Последний разговор с Полем внёс в её неокрепшую душу смятение. Он подготавливал её к принятию того мира, который окружал Диану в том месте, где подростки играли в карты и пили вино. Это была та явь, о которой она не читала. А если об этом ей не попадались книги, а только идейные, значит, она должна сама разобраться в том гадком, что происходит в жизни и отравляет детские и юные души.

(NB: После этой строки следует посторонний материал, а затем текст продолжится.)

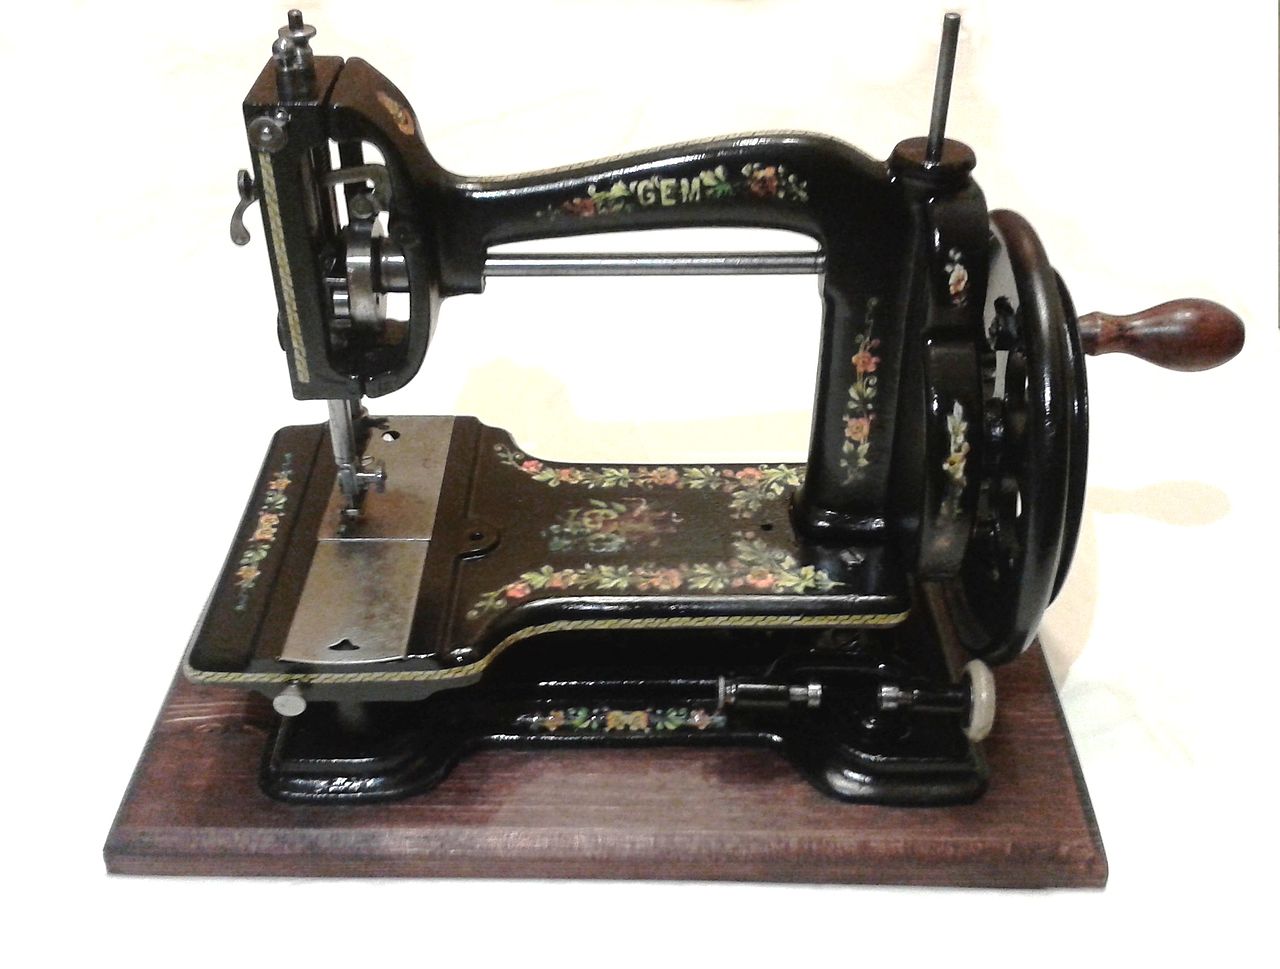 An ornate, cast iron late 19th century sewing machine.

Рано или поздно человек незаметно для себя переступает одну грань познания и переходит к более сложной. Вот такой гранью и явилась для Дианы та пока единственная вылазка в город, когда она очутилась в том самом флигеле. И первые глотки доморощенного вина обещанного удовольствия ей не доставили. А когда началась игра в карты, хмельные девушки раз за разом проигрывали, и за это снимали с себя по одной вещичке. Было видно, что к такому добровольному раздеванию им уже не привыкать, и сидели почти нагишом. Для Дианы же это показалось чудовищной дикостью. Конечно, девушки до конца всё белье не сняли, поскольку им также было важно отыграться, чтобы заново одеться. Естественно, эта процедура хорошо была разыграна хозяином флигеля специально для Дианы, о чём она тогда не догадалась. Но она даже и не подумала снять с себя платье, после того, как проиграла Полю, намеренно закидавшего её карты козырями. Да и сами карты с пошлыми изображениями двух особей у неё вызывали полное смятение чувств. Она украдкой от себя с непреоборимым любопытством рассматривала запечатлённые в её понимании грязные сцены мужчины и женщины. Эти картинки в разных вариациях ничего хорошего не внушали, кроме того, что все они как-то остро обжигали целомудренную душу, и между тем вызывали у неё известный искушённым людям интерес. А чтобы его в себе немедленно подавить, Диана закрыла глаза и вдруг разорвала пополам несколько карт, затем быстро встала и гордая пошла, она даже не опасалась, что сейчас за ней погонятся пацаны, которые корчили из себя блатных. Впрочем, она хотела одного, чтобы Поль вернул её и перед ней при всех извинился. Как он мог допустить такое её унижение, ведь не всем дано так легко раздеваться, да ещё при посторонних. Выходило, он не считал её своей девушкой, если был не против того, чтобы она при всех бесстыдно обнажалась.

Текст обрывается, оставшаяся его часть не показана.